The devices in a network communicate with each other coping with a certain set of rules. First, it’s important to understand why communication protocols matter as they are from the crucial significance of the traffic enabling and information exchange. In other words, if two devices follow such rules and if their talk is accurate or as defined they will get permission to make a connection with one another and do some data transfer. Logically, that information is part of the communication channel and in both – policing and the military – there can be an advisory who can listen to the traffic and re-direct its samples to the other machines. We call that operation tapping or streaming.
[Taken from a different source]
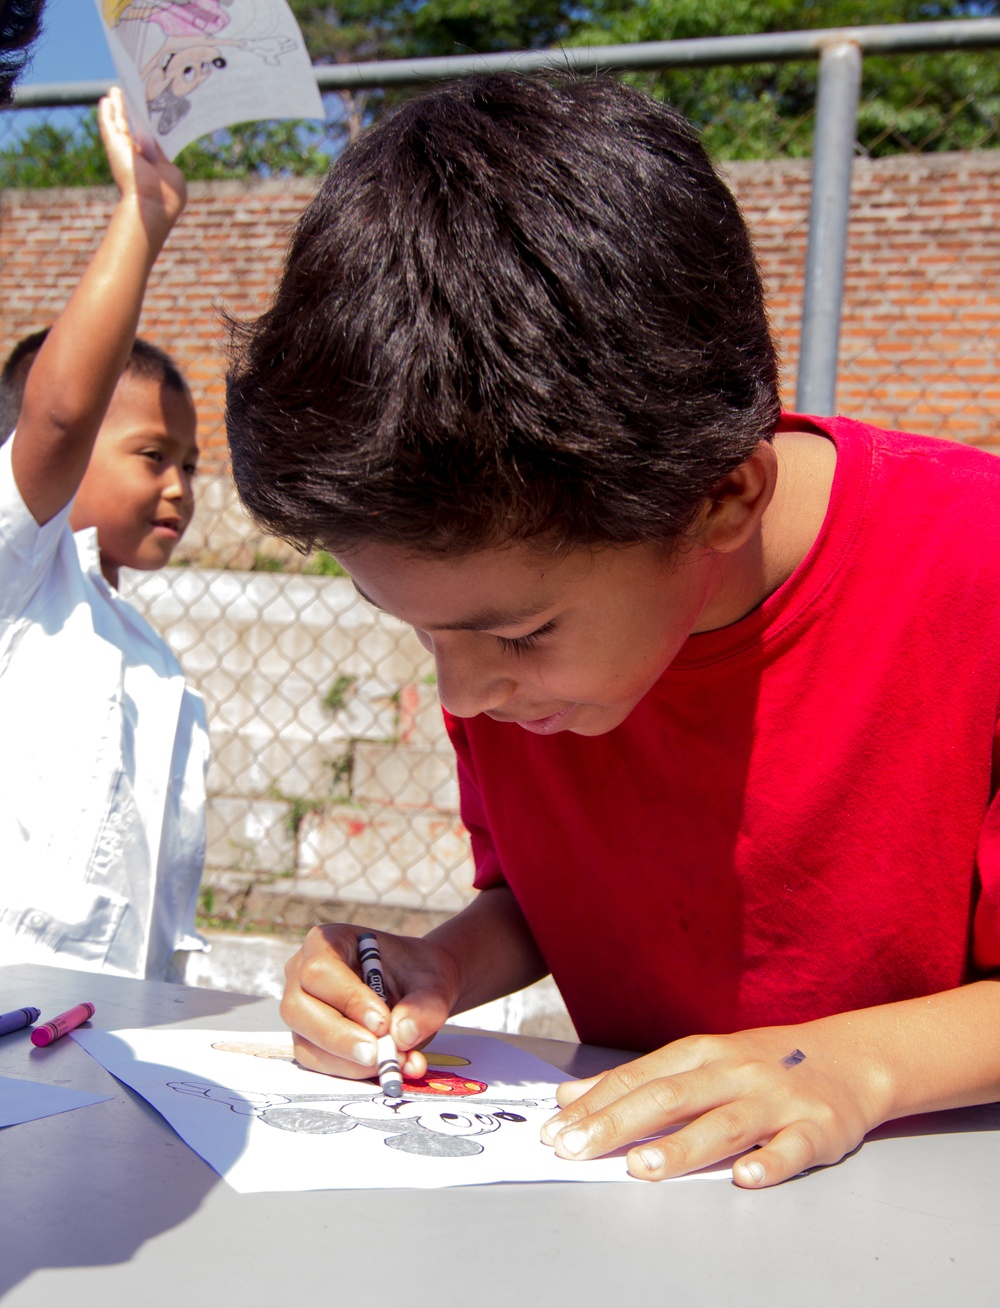 Community relations in Ciudad Arce

Further, the exchanged information is secured with some sort of cryptography and the streamer cannot be confident what all that is about. The point is someone can make a breach into the network traffic as it’s possible making a breach into some device. On the other hand, when the traffic is streamed there can be a lot of job for cryptanalyst that needs to decrypt and analyze once sent content. From a security point of view, this matters for a reason communication tracking can be used by illegal organizations in order to monitor someone’s activities on the web. As a consequence of such a campaign, we can realize that so many community members, as well as their infrastructure, can be at risk because the bad guys can come into the possession of confidential information. Across the globe, there are so many network monitoring applications that can be applied to do some streaming and with the support of some cryptanalysis efforts reading once decrypted messages. Basically, the cryptanalyst is a person who is capable to transform the packets of the information into their plaintext form and make them being accessible to the rest of the team members. The fact is the cybercrime underworld has always been in a position to do such a sort of operations and undoubtedly is a threat to communities, businesses, and government assets. It appears the high-tech syndicates are the real global threat especially if we have in mind, they can be a very dangerous weapon in the hands of the rest of the criminal and terrorist groups.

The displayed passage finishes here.